Mattapoisett’s New Year’s Day Polar Plunge


Record Numbers Take the New Year’s Plunge

There were more people on Mattapoisett’s Town Beach on New Year’s Day morning than on a hot summer’s day in the middle of July. And whether the beachgoers were there to plunge into the 47-degree ocean water or there to support the swimmers and the event, everyone was in a party mood.

The fourth annual New Year’s Day Polar Plunge called “Freezin’ for a Reason” supports cancer victims and their families.

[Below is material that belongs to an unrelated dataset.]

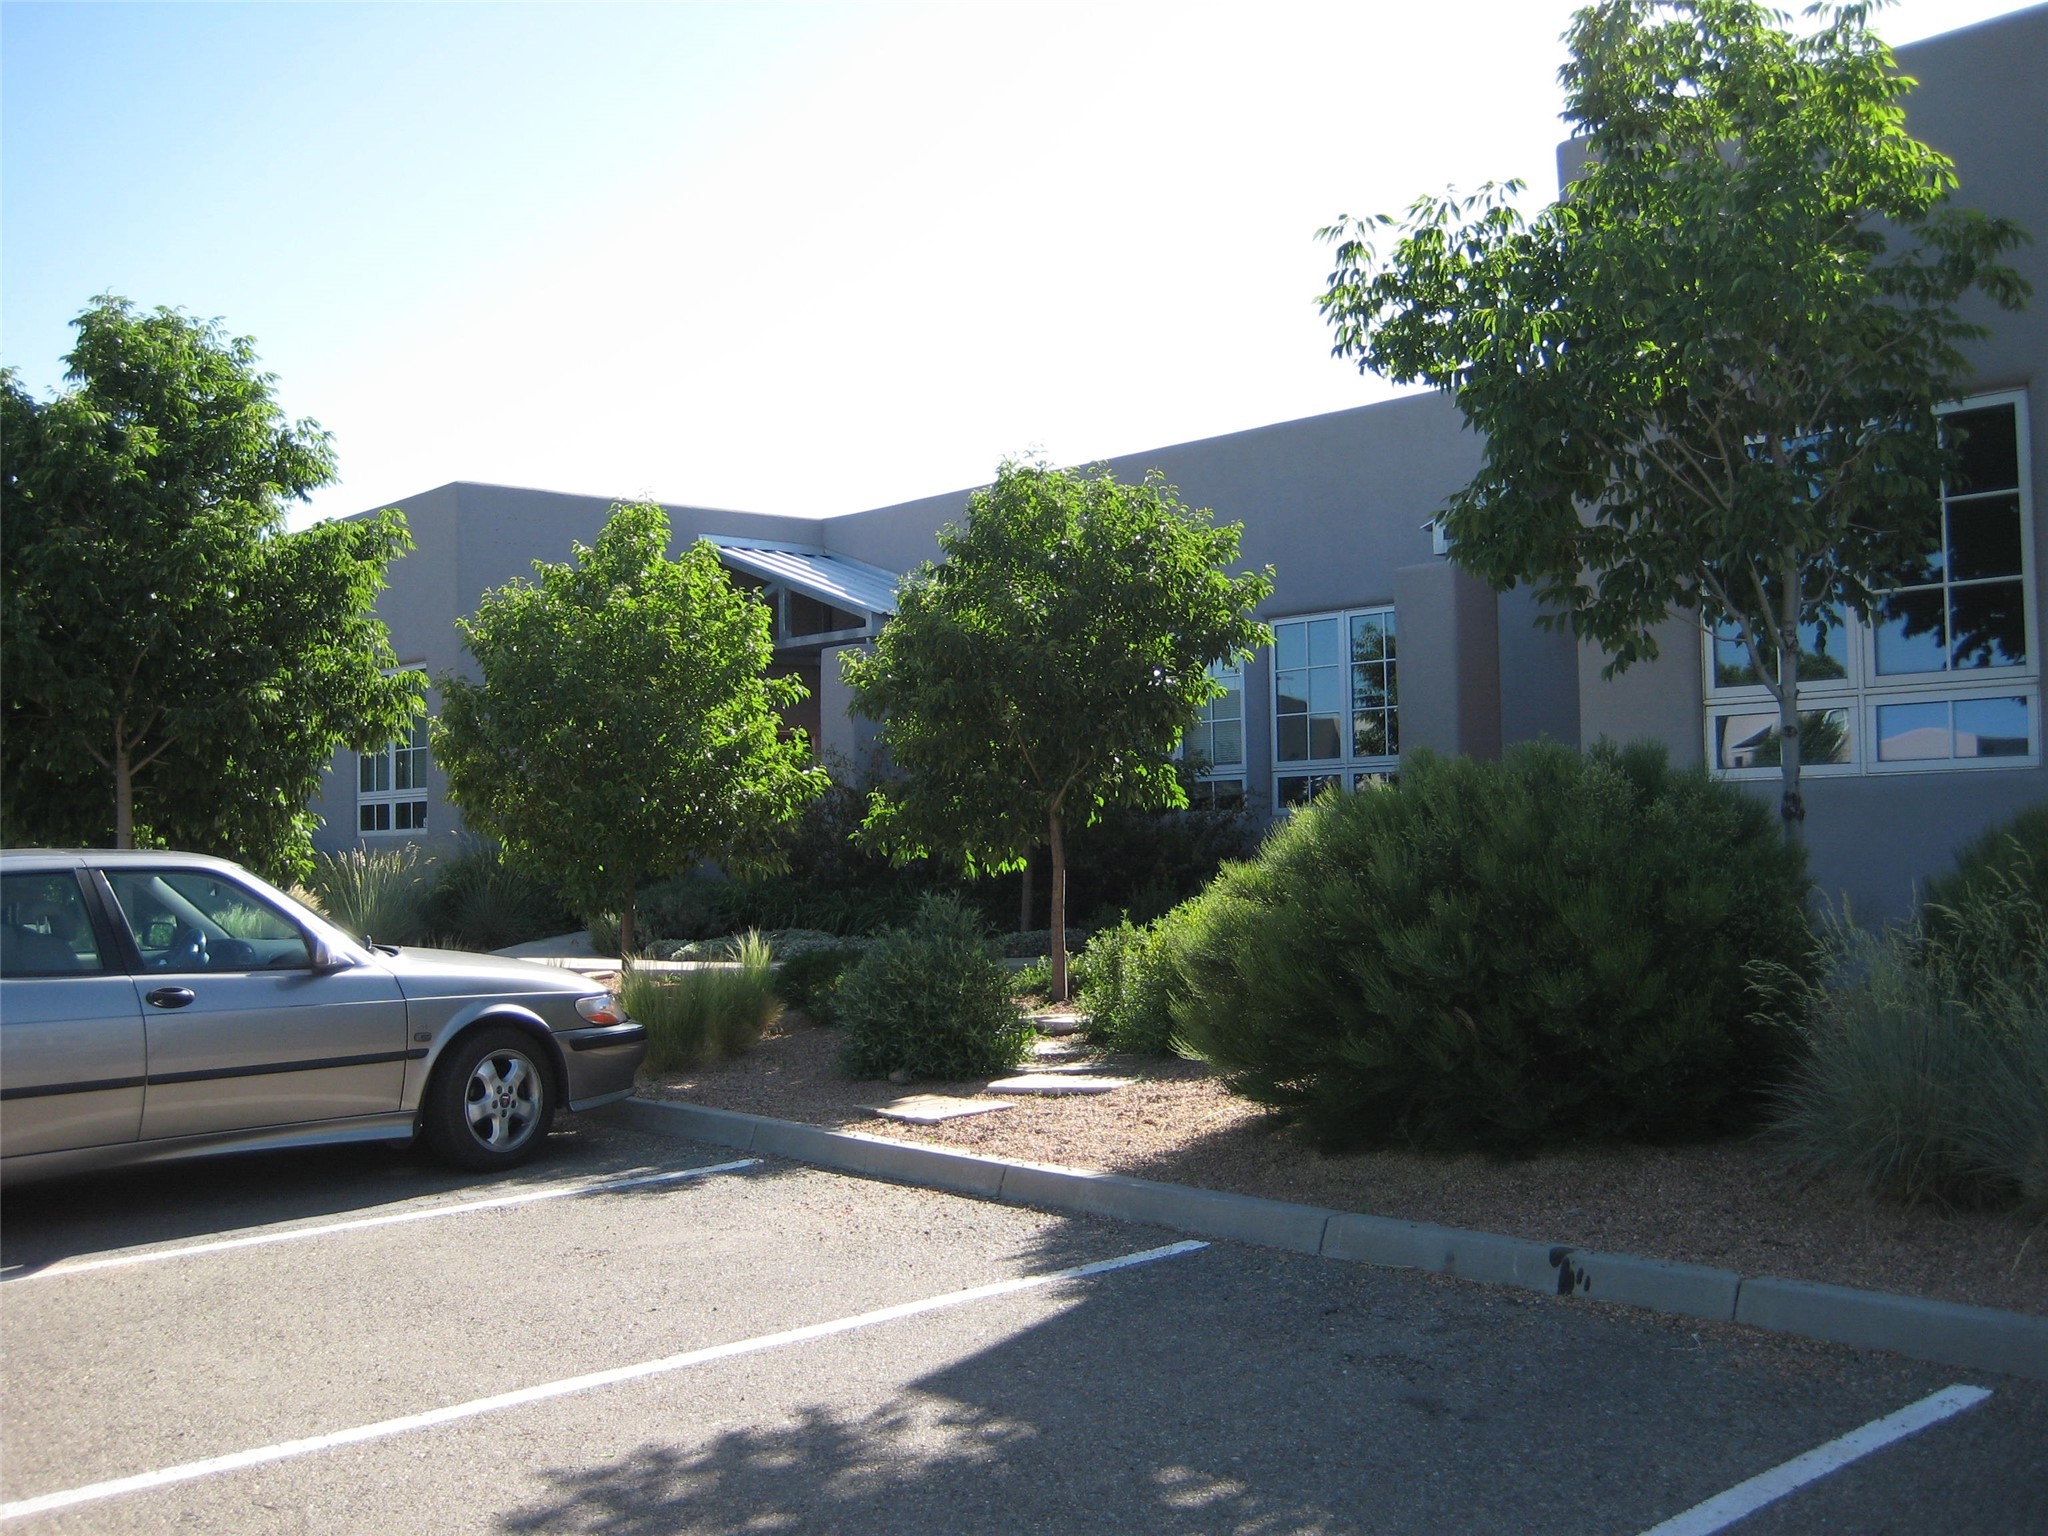 4001 Office Court Drive 506-507, Santa Fe, New Mexico 87507, ,Commercial Lease,For Rent,4001 Office Court Drive 506-507,202400833

The impetus for this annual campaign was the Huggins’ own experience with the crushing financial burden that can come with a life-threatening illness. When Will Huggins became ill, they received financial assistance from the BAM Foundation, a local fundraising group that provides financial assistance to individuals and families dealing with cancer. The assistance that BAM gave to the Huggins’ helped keep them afloat until Will could get back on his feet, literally. Now they are giving back with support from the community and others both near and far.

The day before the big event, a tent was erected complete with a heater to warm the crowd. Will and a couple of his helpers delivered fuel to the beach for the big bonfire that would be blazing to warm up the party-goers before, during, and after the plunge. The prep team even cleaned the beach of seaweed.

The chilly morning to follow would find local eateries donating hot chocolate and coffee, cups of chowder, and one venue opened its doors for an after party from which a portion of the proceeds would be donated to the cause.

Everything was in full swing by 11:00 am.

The call for self-expression in the form of inventive beachwear was heeded with folks showing up in custom swimming suits. There was a group donning yellow cubes and singing, “We all live in a yellow submarine,” while snaking through the crowd. In real life they were Mat and Russell Luiz, Charles and Laura Buckley, Jean and Scott Pease, and Karen Barrows.

There was a unicorn, several Santas, some corals, and lots of bare skin shivering in the weak sunlight. There were also a rather surprising number of children who were there for more than the fun.

Nine-year-old Scott Falvey was in attendance with about 20 members of his extended family to jump in the water in memory of his Papa Fagan. The elder Fagan was a cancer victim, but on this day his joyful family was lovingly remembering him by helping others. The family team also included Maryellen Fagan, Mark Falvey, Kaitlyn Popson, and Scott Falvey, to name a few.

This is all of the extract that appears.